But I got to believe at the end of the day, the defense industrial base and the Department of Defense will be in a heck of a lot better place. And there are just things out there on program cuts. I'm not going to comment on any specific programs. We were looking at some counter-UAS. Everybody talks about counter-UAS, counter-UAS. It's just a fact. The DOD buys counter-UAS systems from 200 different companies. And it seems like a lot to me. So if they get to the point and say, "Why don't we just buy from 20 companies, not dissimilar to what we've been doing with supply chain?" You got to get all the data, bring it together, negotiate a better deal, lower the cost. So that's just one example where you say, "Why is the Department of Defense buying counter-UAS systems from 200 companies?
Pick 20, 25, 10. I really don't care. Hopefully, we're one of them. If we're not, we move on and buy from them," and it's nobody's fault. It's every function, every service, every subservice. There's probably 200 people all buying one and thinking they're doing the right thing, so you got to elevate it. I think the use of data is going to be powerful, and things like that are going to pop out. I wrote a letter to the DOGE, as you know. It's been getting great, a little bit of press, but a lot of feedback from members of Congress and people in the Pentagon, and I threw out some ideas there, but it's really to get the dialogue started.
Seems like all common sense kind of stuff.
I'm a simple guy, as you know. It seemed common sense to me.
Thousand times on the same program, yeah.
Yeah. So it's really all I wanted is the defense industrial base has a perspective. So there's great current members, retired members of Congress and the Pentagon. I just don't think those two groups ought to get together and fix the Pentagon and the acquisition process without including us. So I've tried to speak up. I've encouraged others to speak up. Let's get together and find a way to fix this once and for all.

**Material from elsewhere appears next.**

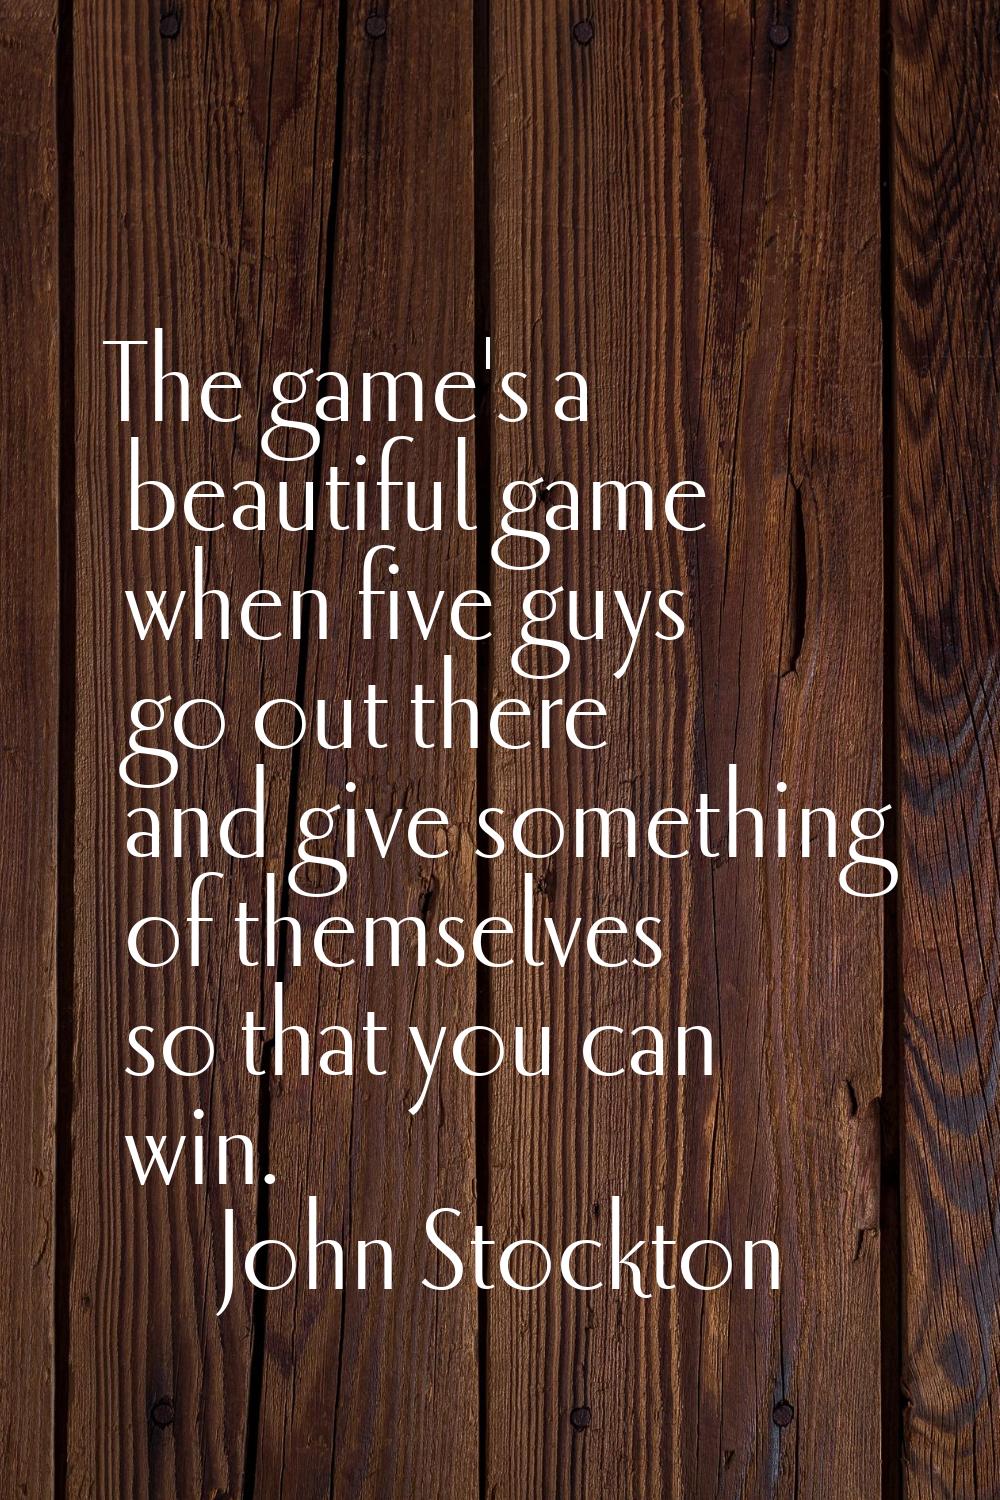 The game's a beautiful game when five guys go out there and give something of themselves so that yo

Okay, so I think your partnerships with some of the non-traditional players, obviously Palantir, that's gotten a lot of press recently. I mean, it's been in place for a while, but getting more and more press. I guess, how did that all come about? What's in it for you? What's in it for them? Why did they decide Palantir Shield? Why did they decide to partner with you? Kind of that relationship.
Yeah, I'll take the Palantir one, and that kind of is probably a good proxy for what we're doing with others. We, first of all, are partnering with the best technology out there. It starts with your culture and self-awareness. We are not the best in everything, and we believe that the future of warfare is going to be a convergence not only of hardware, but software and AI, so that's kind of the philosophy of the company we've put together. That's why we're more of a technology company. We don't have a lot of services. We don't have a lot of big platforms. We have kind of the brains and some of the key software-defined hardware that enables the warfighters to be successful, so in that case, we had had a relationship with Palantir at kind of mid-levels on and off for five years.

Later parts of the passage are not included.